Human Population Genetics and Genomics ISSN 2770-5005
Human Population Genetics and Genomics 2026;6(1):0002 | https://doi.org/10.47248/hpgg2606010002
Original Research Open Access
ArchIE2: A software package for robust inference of introgressed local ancestry
Harold Wang
1
,
Sriram Sankararaman
2,3,4
Correspondence: Harold Wang; Sriram Sankararaman
Academic Editor(s): Joshua Akey, Carina Schlebusch, Torsten Günther
Received: Sep 18, 2025 | Accepted: Dec 13, 2025 | Published: Jan 17, 2026
This article belongs to the Special Issue Population Genetics Methods and Software
© 2026 by the author(s). This is an Open Access article distributed under the Creative Commons License Attribution 4.0 International (CC BY 4.0) license, which permits unrestricted use, distribution, and reproduction in any medium or format, provided the original work is correctly credited.
Cite this article: Wang H, Sankararaman S. ArchIE2: A software package for robust inference of introgressed local ancestry. Hum Popul Genet Genom. 2026;6(1):0002. https://doi.org/10.47248/hpgg2606010002
Introgression is a pervasive feature of human and non-human evolutionary history, and methods that identify introgressed loci have become central to studying its biological impact. We present ArchIE2, an enhanced and more robust version of the reference-free local ancestry framework introduced by ArchIE. ArchIE2 replaces ArchIE’s high-dimensional, sample-size–dependent feature set with a compact collection of summary statistics that generalize across demographic settings. This redesign removes dependency to sample size while preserving predictive accuracy and improving model stability. Across simulations, ArchIE2 matches or exceeds the performance of existing approaches, demonstrating a flexible and scalable framework for detecting introgressed segments, including in scenarios lacking reference genomes from source populations.
Keywordsintrogression, admixture, population genetics, machine learning, human evolution
Introgression—the long-term incorporation of genetic material from one population (the source population) into another (the target population) following admixture—has emerged as an important force in evolution across human [1] and nonhuman species [2,3]. Studies of introgression have been facilitated by the increasing availability of genomic data from extant and ancient populations and the development of analytical methods that attempt to detect various features of introgressed haplotypes. Identifying introgressed DNA segments or loci across individual genomes and studying their properties can provide valuable insights into evolutionary history and biological function [4–6]. A number of methods, such as S* [7], HMM [8], and CRF [9] have been developed to detect introgressed loci across individual genomes (sometimes termed local ancestry inference). Detecting introgressed loci is particularly difficult in ghost introgression, where the source lineage is unsampled. Signals of ancestral structure [10] highlight the importance of approaches that remain effective without explicit source information. Reference-free frameworks address this challenge by enabling inference of introgression from genomic patterns alone.
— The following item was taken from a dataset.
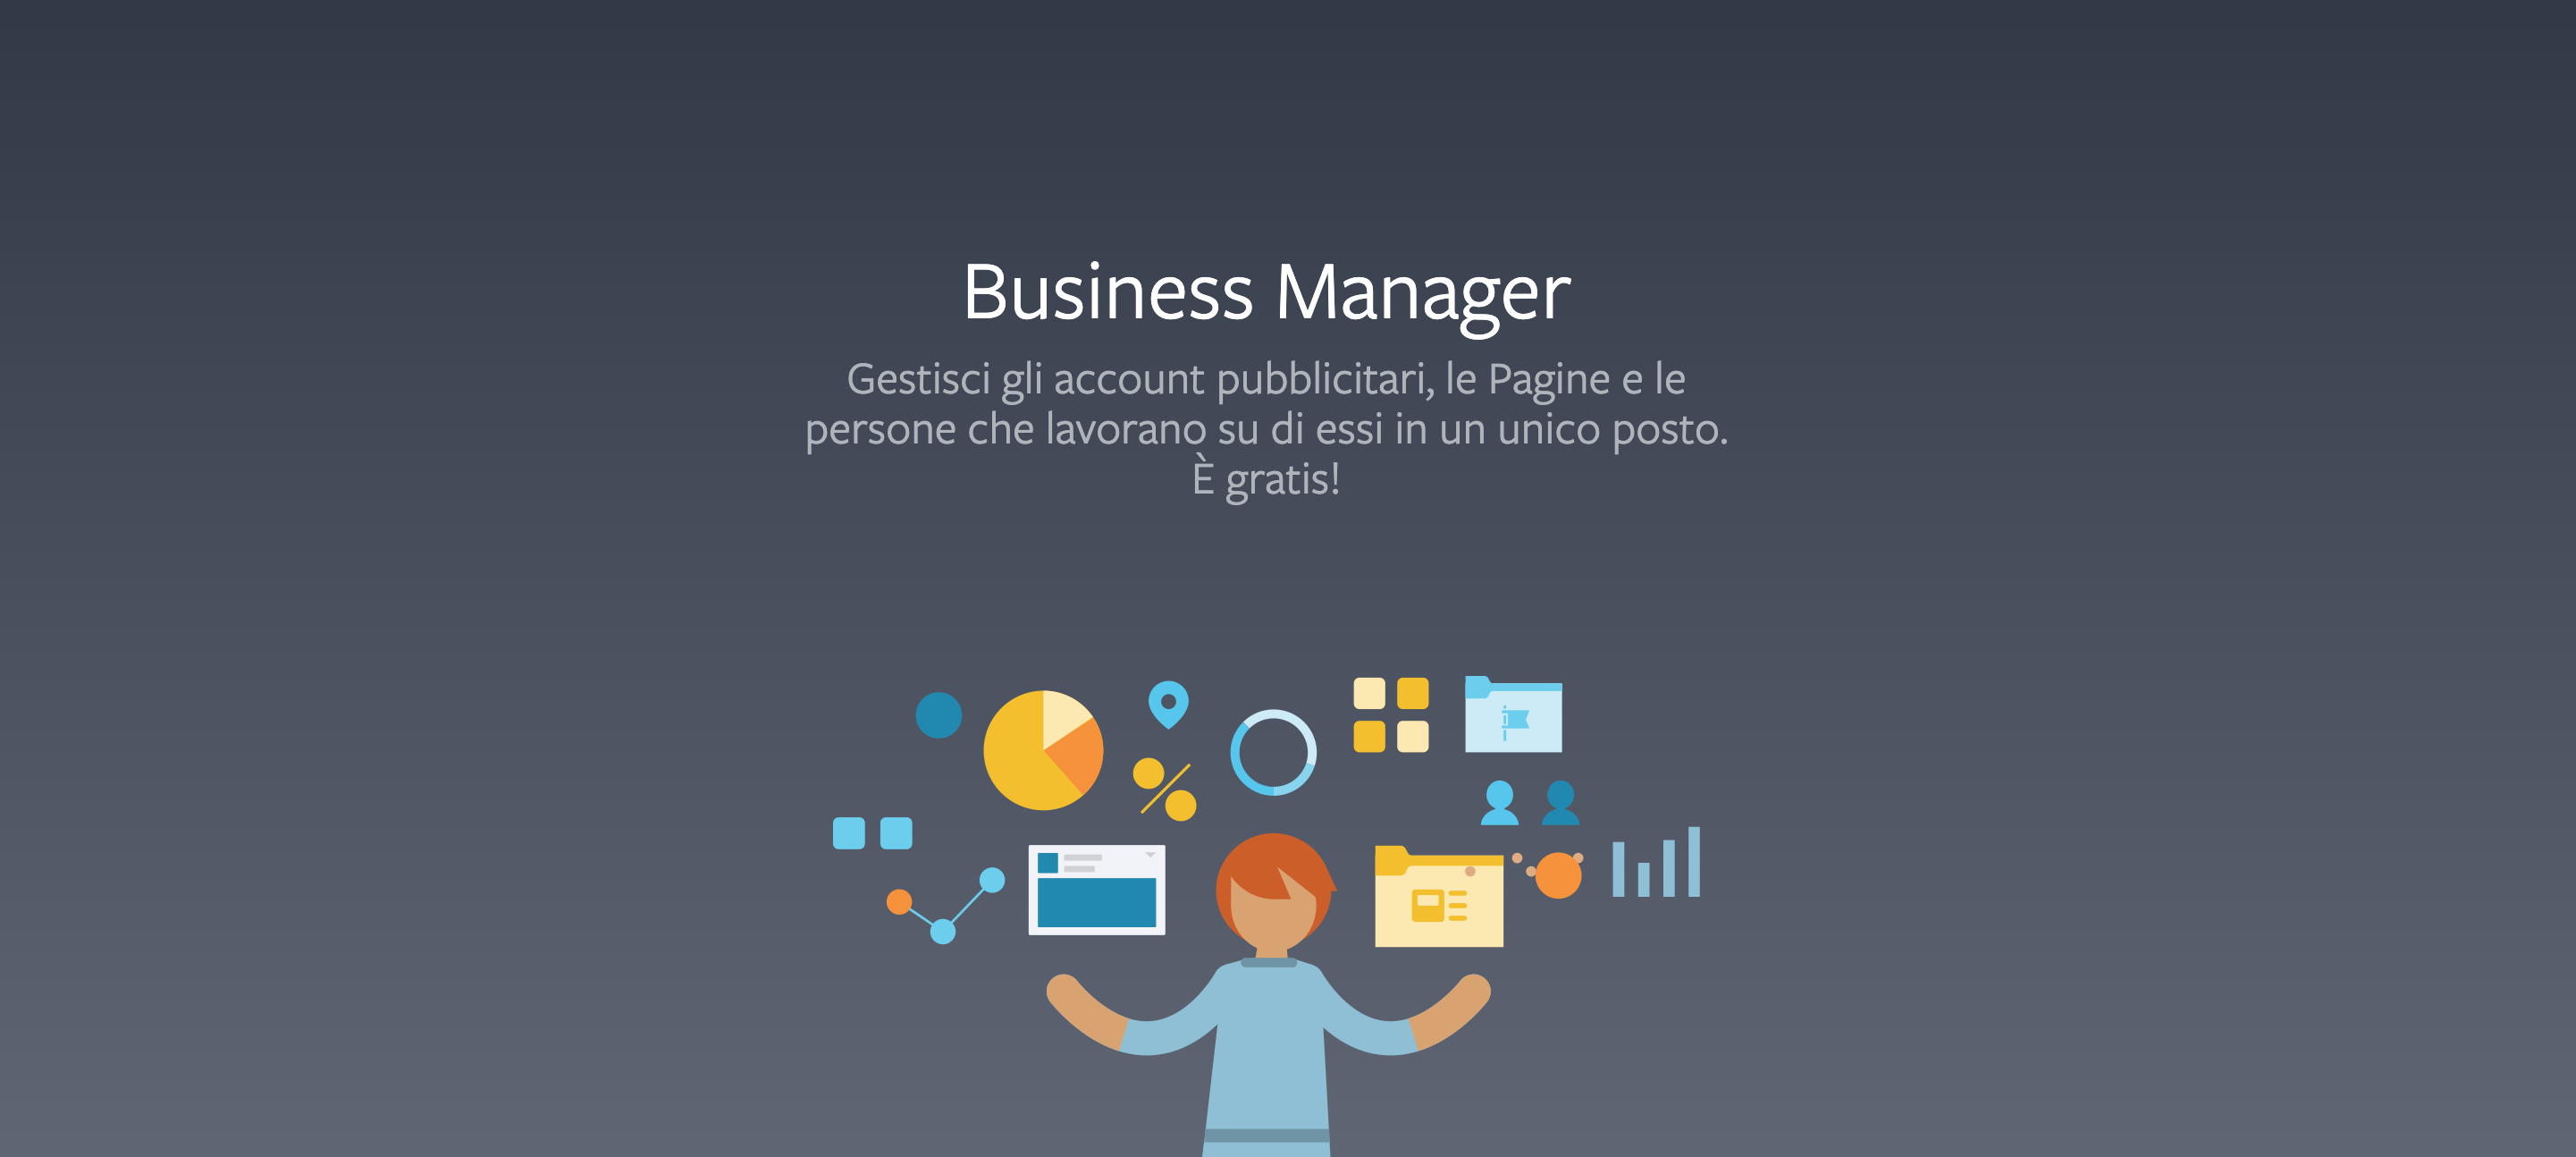 Facebook Business Manager - Creare account pubblicitario

One approach for inferring ghost introgression uses population genetic statistics that quantify patterns indicative of introgressed tracts. A particularly informative signal is the presence of extended segments of private variants in the admixed population that are absent in a closely related outgroup; this pattern underlies S* [11] and its extensions [7,12,13]. A second class of approaches relies on a generative probabilistic model, such as Hidden Markov Models (HMMs), to model patterns of genetic variation depending on the unobserved state of whether or not a given locus is introgressed [14,15]. A third class of approaches frames the task of detecting introgressed loci as a discriminative machine learning problem where the goal is to directly predict the introgression state based on genomic inputs [16,17].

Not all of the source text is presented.